In recent years, several studies have been conducted on the diagnosis of CAD on different datasets using data mining methods. To this end, we review recent research on the updated Z-Alizadeh Sani dataset, as described in

Table 8. The performed works for CAD diagnosis on the Z-Alizadeh Sani dataset with the 10-fold cross validation method.

Referense	Methods	No. Features Subset Selection	Accuracy (%)	Auc %	Gini %
[37]	Naïve Bayes-SMO	16	88.52	Not reported	Not reported
[12]	SMO along with information Gain	34	94.08	Not reported	Not reported
[38]	SVM along with average information gain and also information gain	24	86.14 for LAD 83.17 for LCX 83.50 for RCA	Not reported	Not reported
[39]	Neural network-genetic algorithm-weight by SVM	22	93.85	Not reported	Not reported
[36]	SVM along with feature engineering	32	96.40	92	Not reported
[40]	N2Genetic-nuSVM	29	93.08	Not reported	Not reported
In our study	Random trees	40	91.47	96.70	93.40

. The results of accuracy, AUC, and Gini criteria for the models were obtained according to the 10-fold cross validation method compared to previous studies.

Taking a look at Table 8, it can be seen that the proposed method based on random trees outperforms other methods in terms of accuracy, AUC, and Gini criteria.

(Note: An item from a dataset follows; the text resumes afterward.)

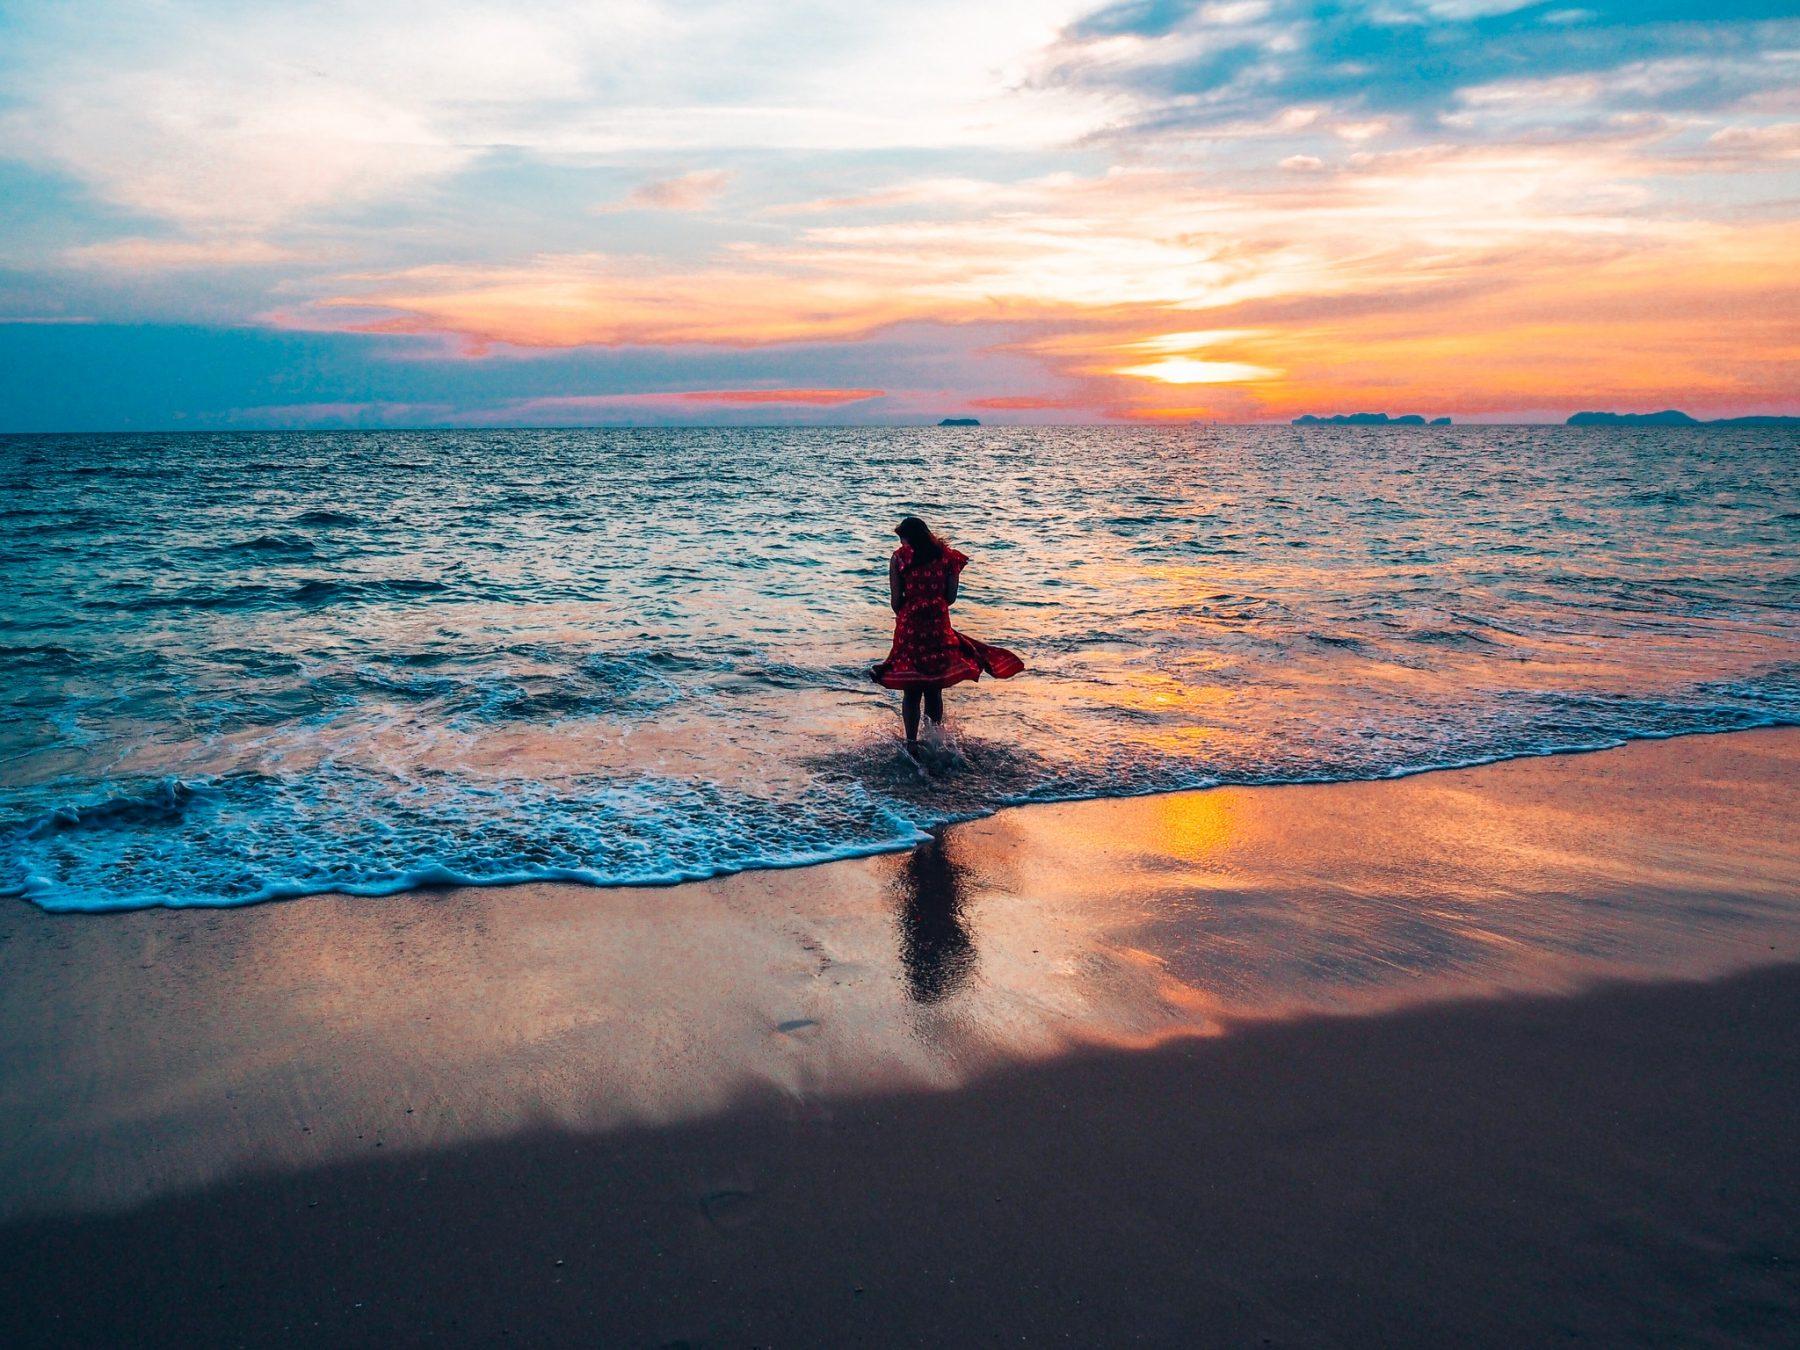 waves at sunset, Thailand, Thailand Koh Lanta beach shots 2019

It implies that the 40 features extracted by using RTs are the most informative ones about the CAD disease.

7. Conclusions

In this study, a computer-aided diagnosis system was used to diagnose CAD as a common heart disease on the Z-Alizadeh Sani dataset [35], and this system was implemented using the IBM Spss Modeler version 18.0 tool. Since angiography is the most common tool of diagnosis of heart disease, it has cost and side effects for individuals. Therefore, artificial intelligence methods, that is, machine learning techniques, can be a solution to the stated challenge. Hence, such classification models including SVM, CHAID, C5.0, and random trees were used for modeling with the 10-fold cross-validation method, that are based on accuracy, AUC, Gini, ROI, profit, confidence, response, and gain, and were examined and evaluated. Finally, based on the criteria stated, the random trees model was found as the best model compared to the other models. The predictive features were selected based on the order of their priority with the highest accuracy, and we concluded that the random trees model with the most significant features of 40 and the accuracy of 91.47% has better performance than the other classification models. Considering this, with this number of features, we had more information gain than the features selected in previous works. Another achievement of this study was the important extraction rules for CAD diagnosis using the random trees model, with these rules shown in Table 6. As future work, the fuzzy intelligent system can be used in combination with artificial intelligence models to diagnose CAD on the Z-Alizadeh Sani dataset and other datasets. Another way to better diagnose CAD disease on this dataset and other real datasets is deep learning models and combining deep learning approaches with distributed design and architecture.